Afriqahome TeamJune 3, 20269 min read

How to pay safely for property in Kenya: the deposit structure, advocate client accounts, RTGS, escrow, M-Pesa limits, and the payment scam red flags.

When buying property in Kenya, how you pay matters as much as what you pay. Most money lost in property deals isn't lost to bad prices — it's lost the moment a buyer hands cash to the wrong person, pays the full price before the title transfers, or sends money on a rail with no paper trail. Choosing safe payment and deposit methods is one of the simplest, most effective ways to protect a property transaction. This guide explains the safe options, the standard deposit structure Kenyan conveyancing uses, and the payment red flags that signal a scam.

The single biggest mistake is paying purchase money directly to a seller before ownership changes hands. Kenya's conveyancing system is built to avoid exactly that — but only if you use it properly.

The Golden Rules of Safe Property Payment

Before the methods, the principles. Nearly every safe transaction follows these:

  • Never pay in cash — use traceable channels with a record

  • Never pay the full purchase price before the title is transferred

  • Pay the deposit into an advocate's client account, not the seller's hand

  • Tie payment to milestones: deposit on signing, balance on completion

  • Keep a receipt and a bank record for every shilling

Property Payment Methods Compared

Different methods suit different stages and amounts. The table below summarises how each works for property in Kenya.

Method

Best for

Safety notes

Cash

Nothing in property

Avoid — no trail, theft and fraud risk, money-laundering red flag

M-Pesa

Small deposits, booking fees

Traceable, but per-transaction and daily limits make it unsuitable for the full price

Personal cheque

Rarely

Can bounce; capped at KES 1M for clearing

Banker's cheque

Mid-size payments

Bank-guaranteed and safer than a personal cheque, but still capped at KES 1M

RTGS bank transfer

Large sums, the balance

Traceable, settles within hours, required above KES 1M

Advocate's client account

Holding deposit and purchase money

The standard safe-holding mechanism in conveyancing

Escrow account

Off-plan, high-value, complex deals

Conditions-based release via bank or law firm

The Standard Safe Structure: Deposit, Then Balance

A normal Kenyan property purchase splits payment into two stages, with a neutral party holding the money in between. On signing the sale agreement, the buyer typically pays a deposit of around 10% of the price. Crucially, that deposit goes into the seller's advocate's client account — where the advocate holds it as a stakeholder — rather than directly to the seller. The balance of roughly 90% is then paid on completion, once the seller produces the registrable transfer documents and the title is ready to move into the buyer's name.
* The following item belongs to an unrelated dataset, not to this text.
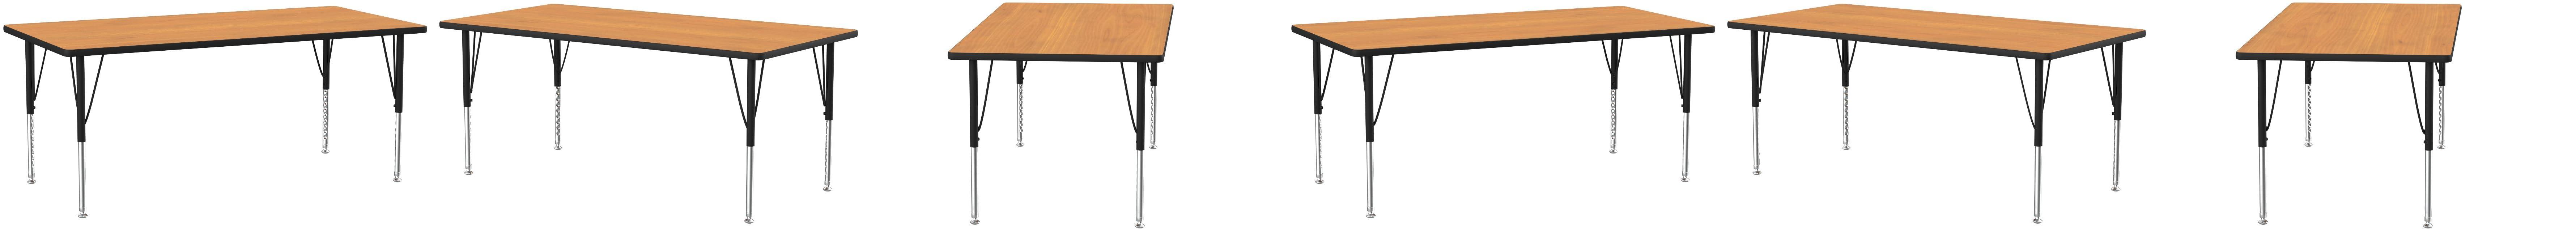 Amazon Com Flash Furniture 24 W X 48 L Rectangular Oak Thermal Laminate Activity Table Height Adjustable Short Legs Furniture Decor

This structure protects both sides: the seller knows the buyer has committed funds, and the buyer's money isn't fully released until ownership is actually transferring. An advocate's client account functions, in practice, as the everyday equivalent of escrow for most Kenyan deals. Always confirm the advocate is genuine — a current Law Society of Kenya practising certificate — before sending anything.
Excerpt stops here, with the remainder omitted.